§ **Material provided**
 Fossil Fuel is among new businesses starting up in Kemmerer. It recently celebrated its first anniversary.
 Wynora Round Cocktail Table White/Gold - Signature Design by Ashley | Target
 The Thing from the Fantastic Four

==

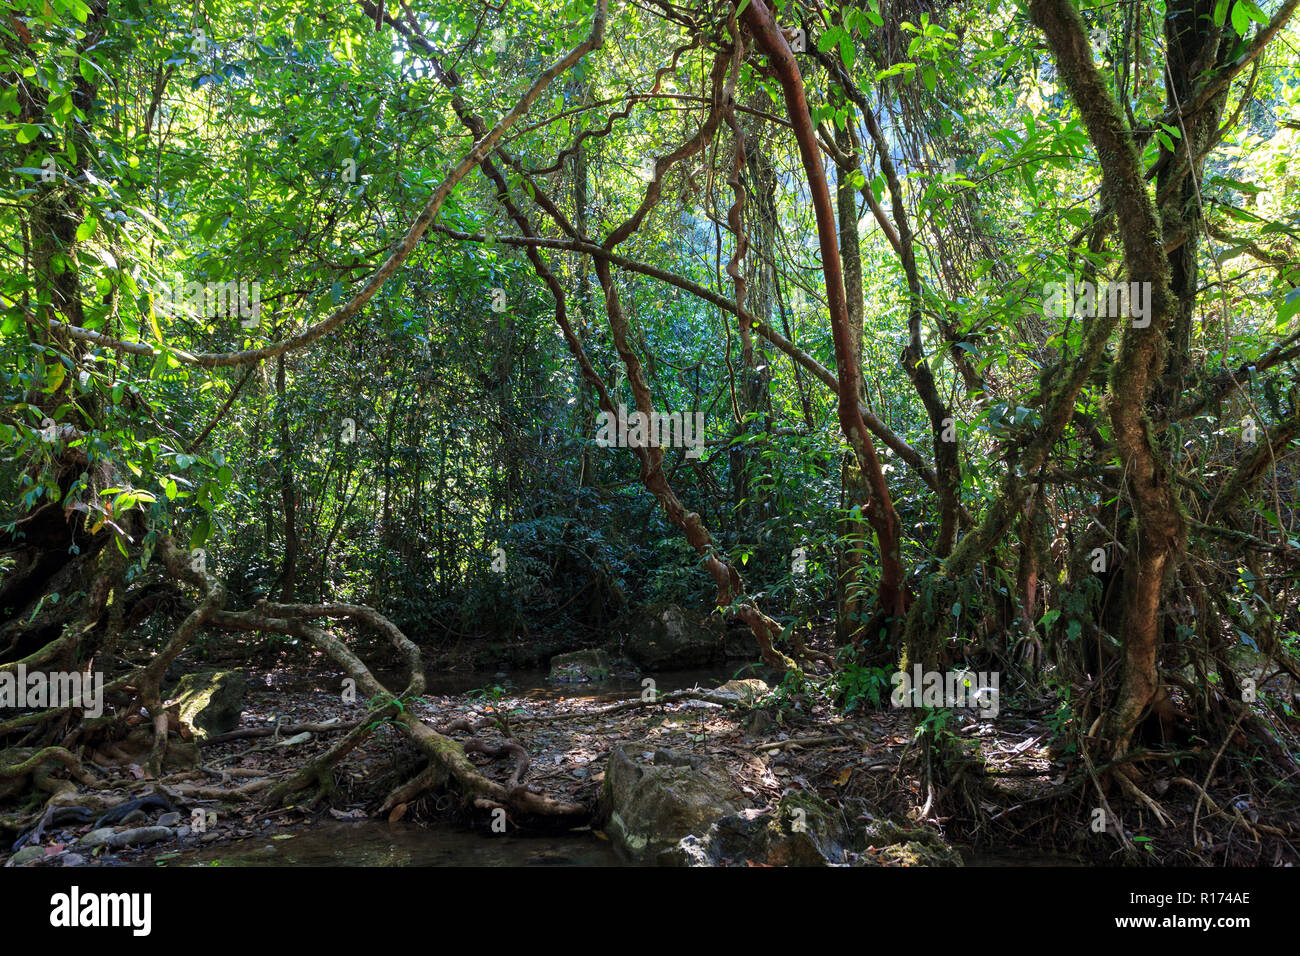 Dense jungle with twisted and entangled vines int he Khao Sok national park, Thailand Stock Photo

---

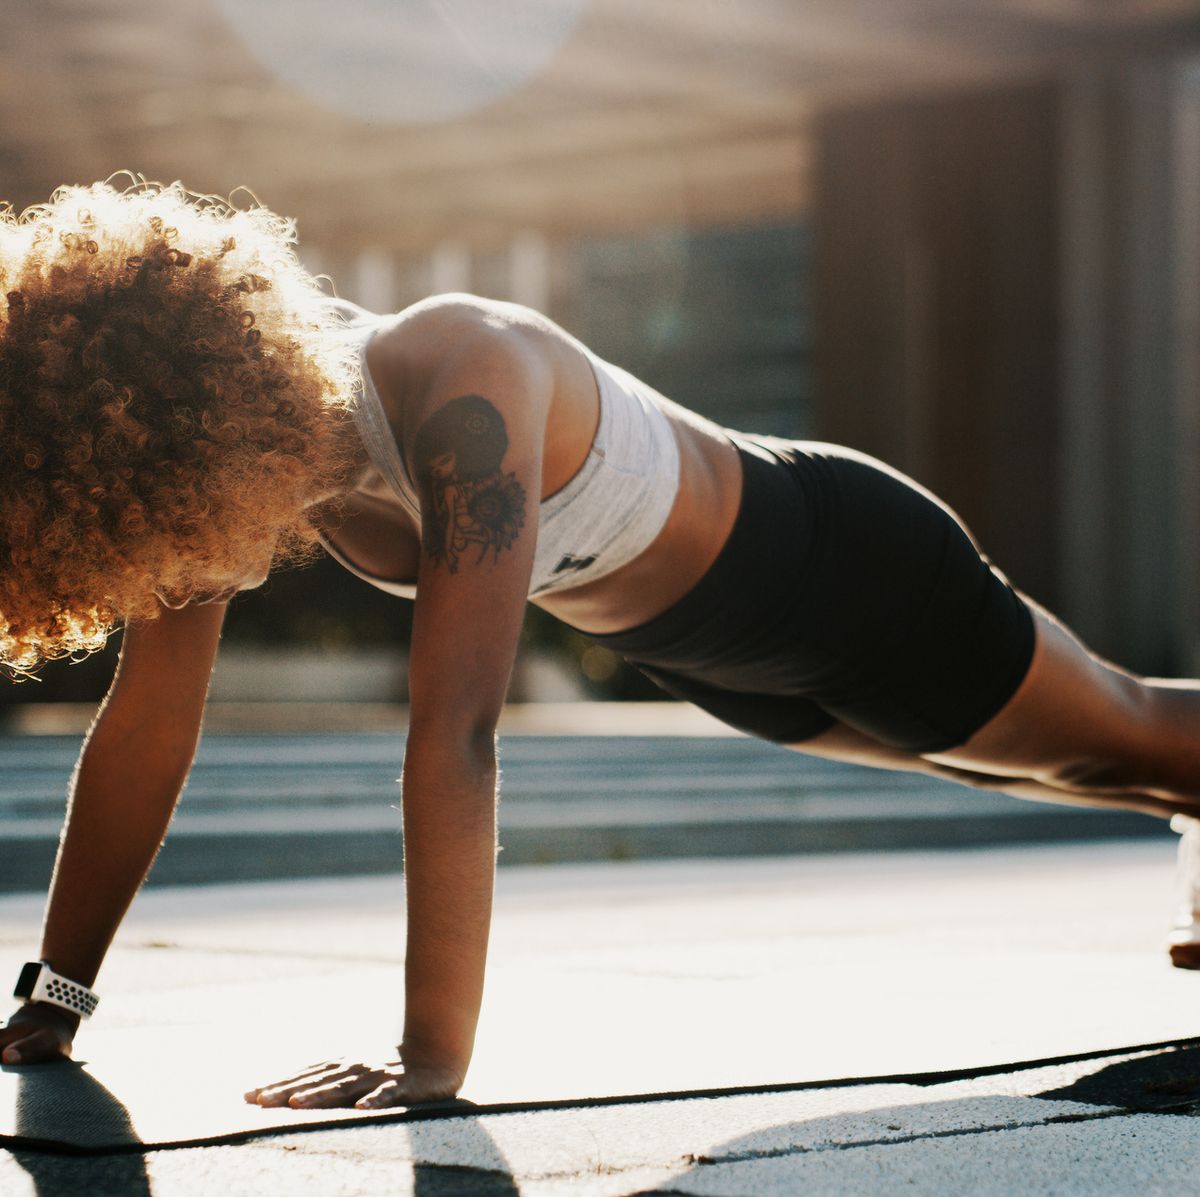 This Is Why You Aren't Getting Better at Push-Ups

§ **What is expected**
Quote the listing above, but only from the line that shows "Fossil Fuel is" through the line that shows "The Thing from the Fantastic Four".

§ **Answer to this problem**
 Fossil Fuel is among new businesses starting up in Kemmerer. It recently celebrated its first anniversary.
 Wynora Round Cocktail Table White/Gold - Signature Design by Ashley | Target
 The Thing from the Fantastic Four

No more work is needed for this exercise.